Suzanne Fortin-Duplessis (born 30 June 1940) is a Canadian retired Senator and former Progressive Conservative member of the House of Commons of Canada. She was a teacher by profession.

Early life
She studied at the École des Beaux-Arts in Quebec City followed by studies at Université Laval where she received a Bachelor of Arts degree for visual arts with an educational psychology certificate.
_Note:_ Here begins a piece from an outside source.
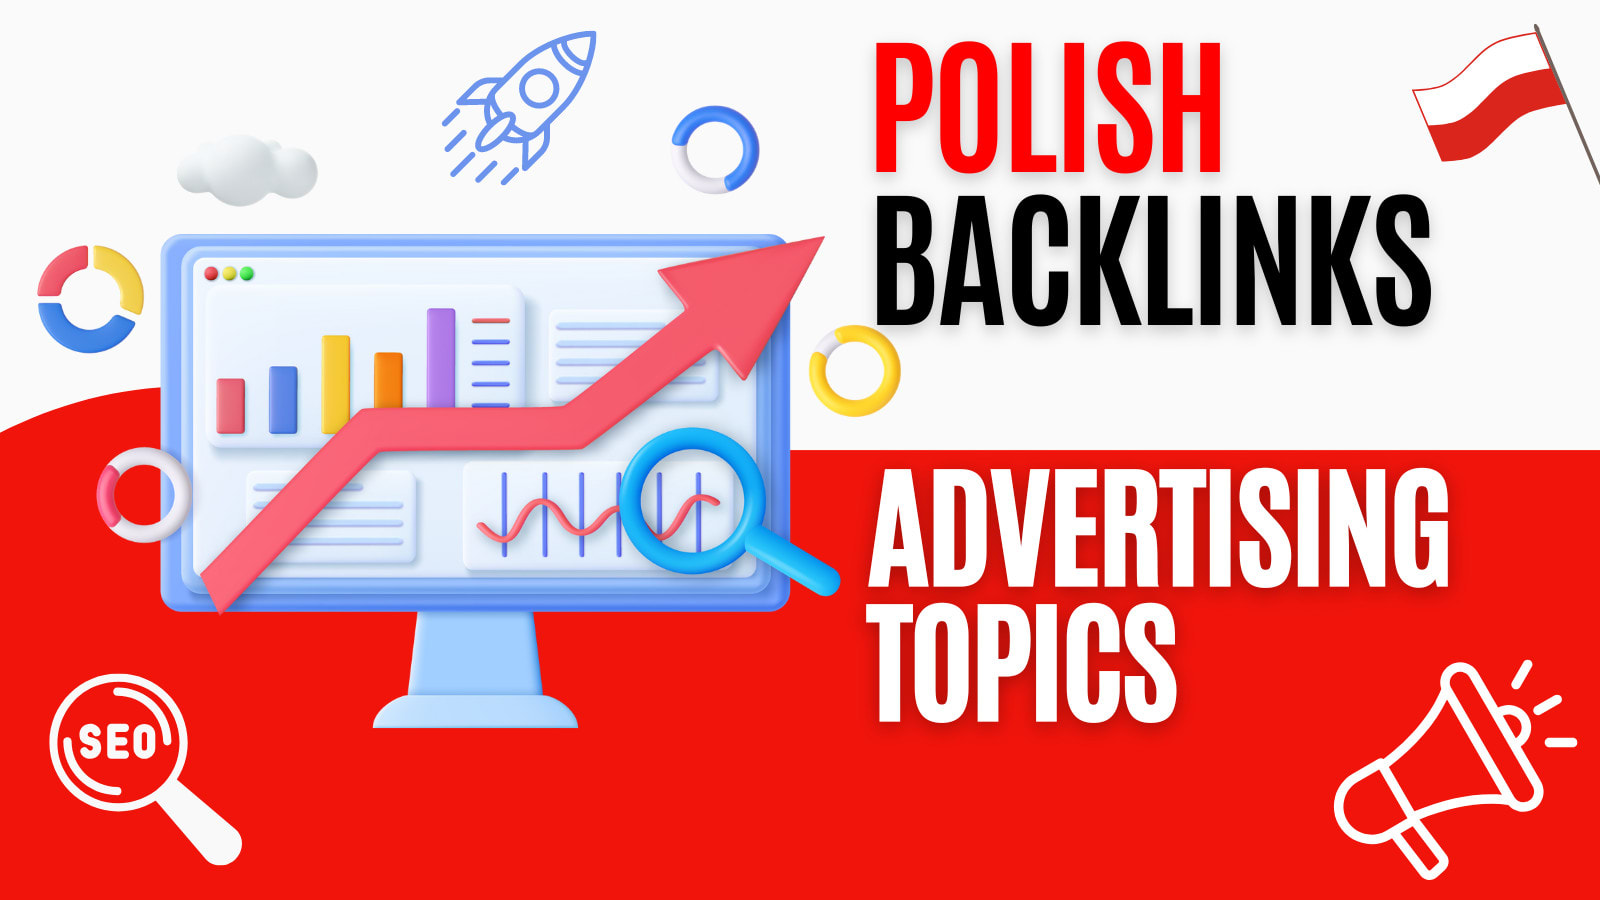 I will write 25-75 advertising topics on polish discussion forums

Fortin-Duplessis became a teacher after this.

Member of Parliament
She was the first female elected municipal councillor in Sainte-Foy, Quebec in 1981.
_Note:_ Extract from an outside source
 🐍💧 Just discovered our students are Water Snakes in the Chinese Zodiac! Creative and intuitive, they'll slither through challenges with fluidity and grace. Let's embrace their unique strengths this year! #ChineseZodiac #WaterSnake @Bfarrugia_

Fortin-Duplessis represented the Quebec riding of Louis-Hébert where she was first elected in the 1984 federal election and re-elected in 1988, becoming part of Brian Mulroney's governing party during the 33rd and 34th Canadian Parliaments.

Fortin-Duplessis left federal politics after her defeat in the 1993 federal election by Philippe Paré of the Bloc Québécois.

Return to politics
Both Fortin-Duplessis and former colleague Pierre H. Vincent managed the Conservative campaign in Quebec in the federal election of 2008.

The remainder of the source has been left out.